## WORK REQUIRED
Each and every line below goes into your answer unchanged, but leave out the images.

## DATA SECTION
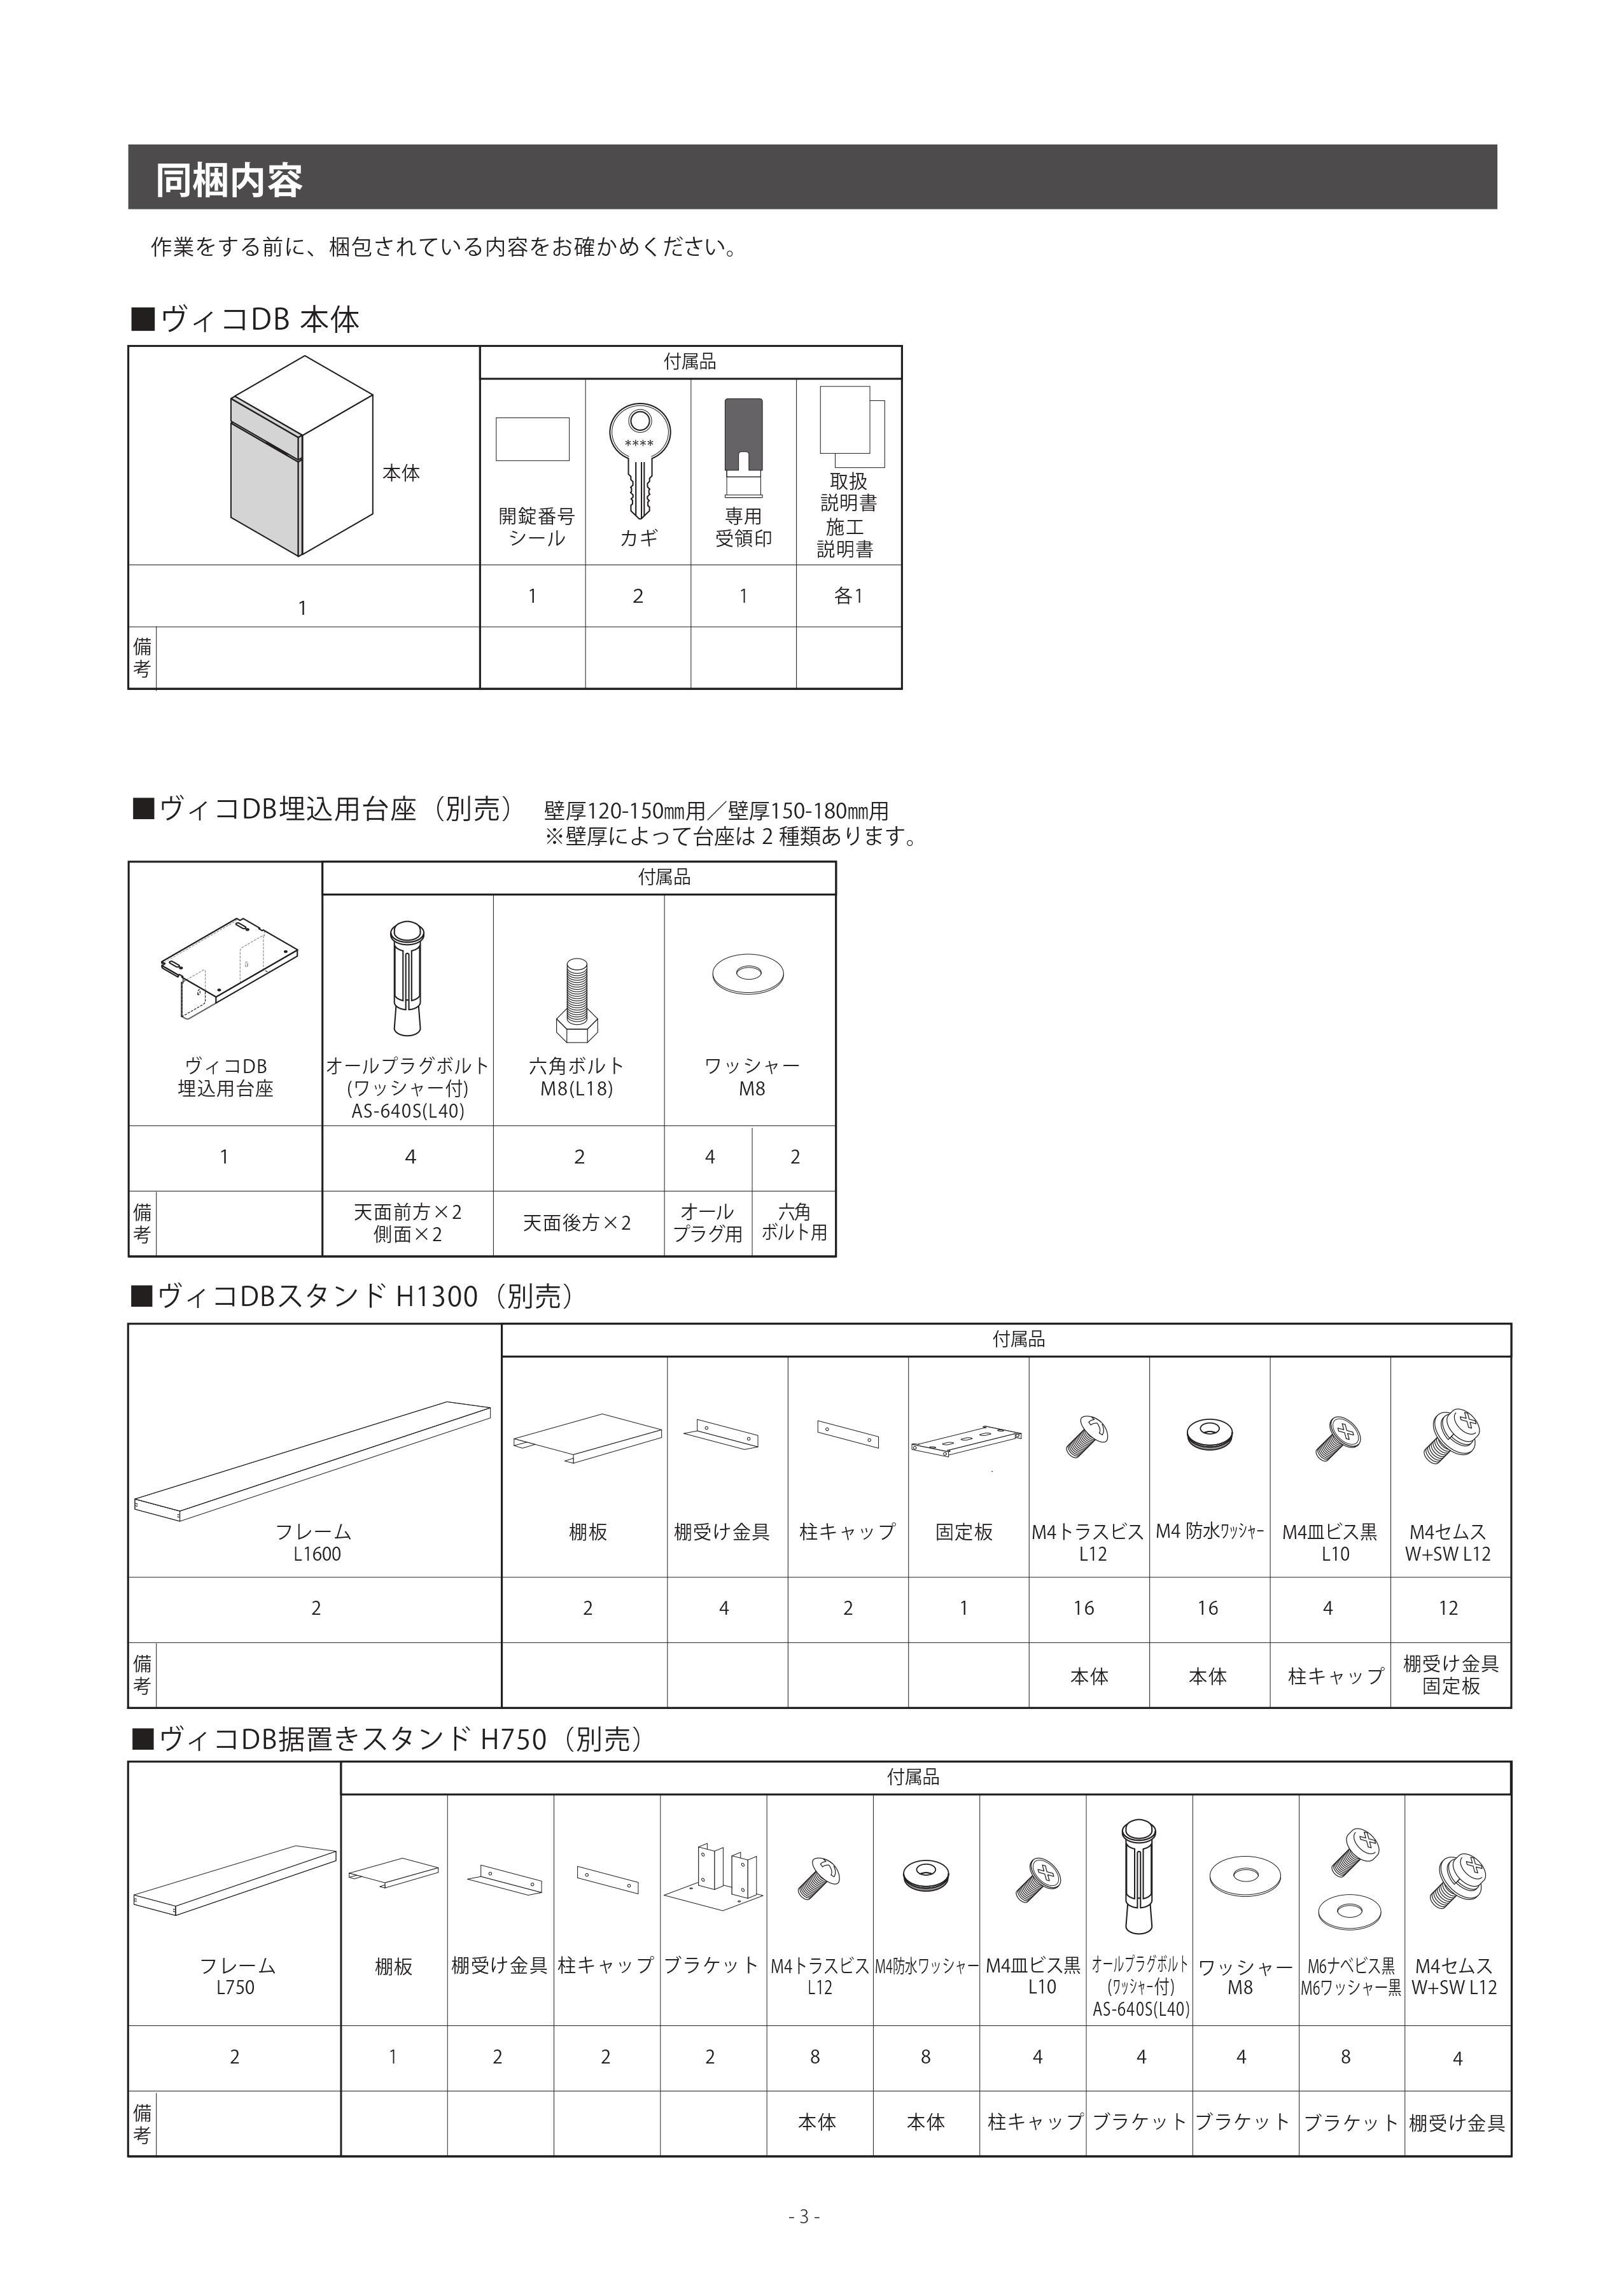 ヴィコDB 取り扱い説明書 (11)
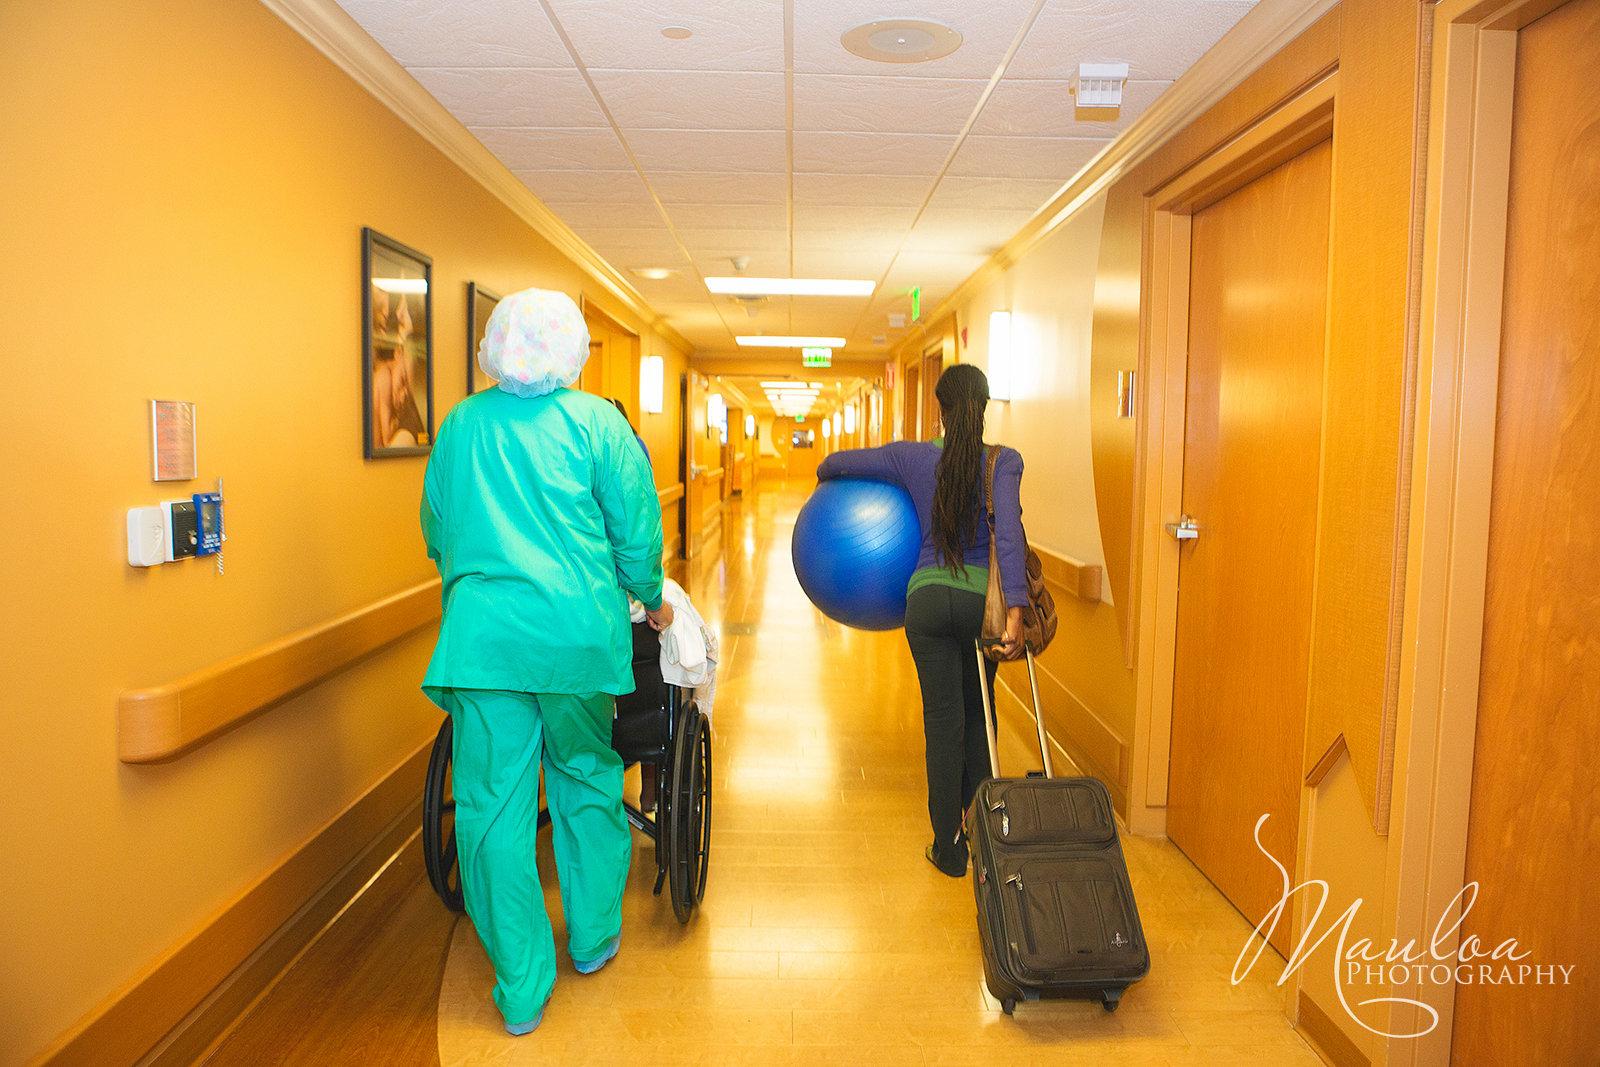 Heading to maternity ward
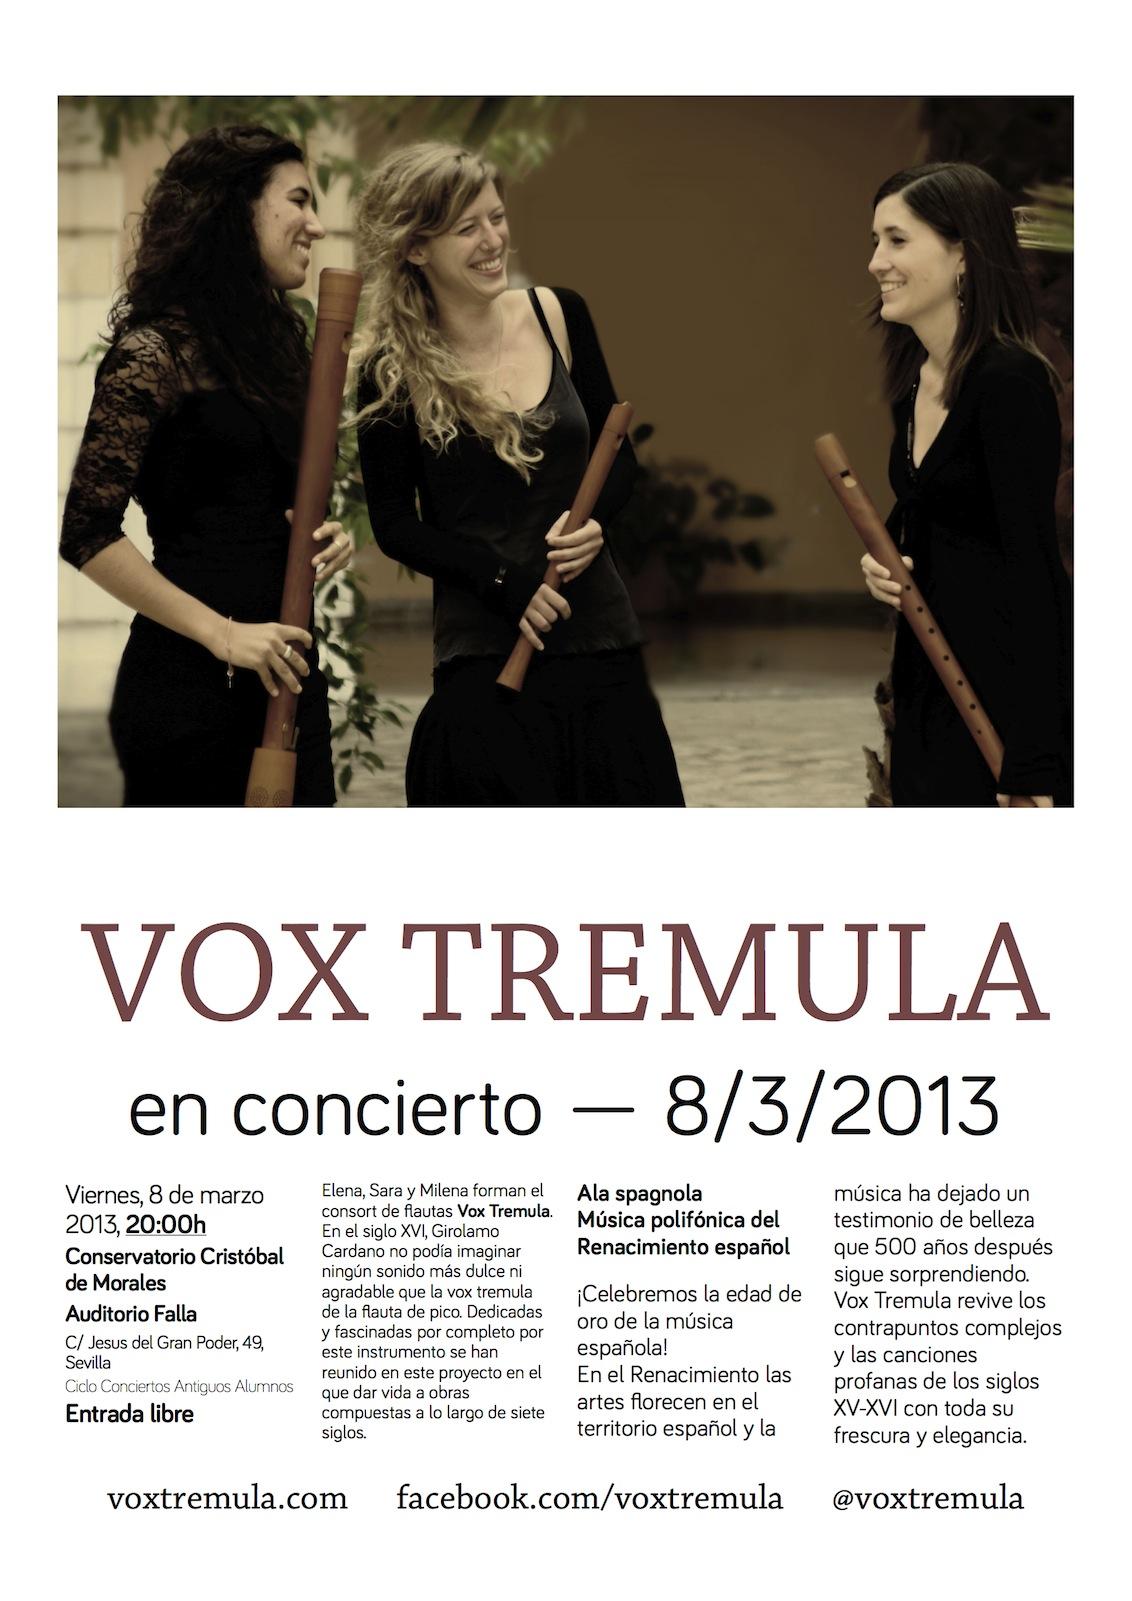 Vox Tremula en concierto

## PROBLEM SOLUTION
 ヴィコDB 取り扱い説明書 (11)
 Heading to maternity ward
 Vox Tremula en concierto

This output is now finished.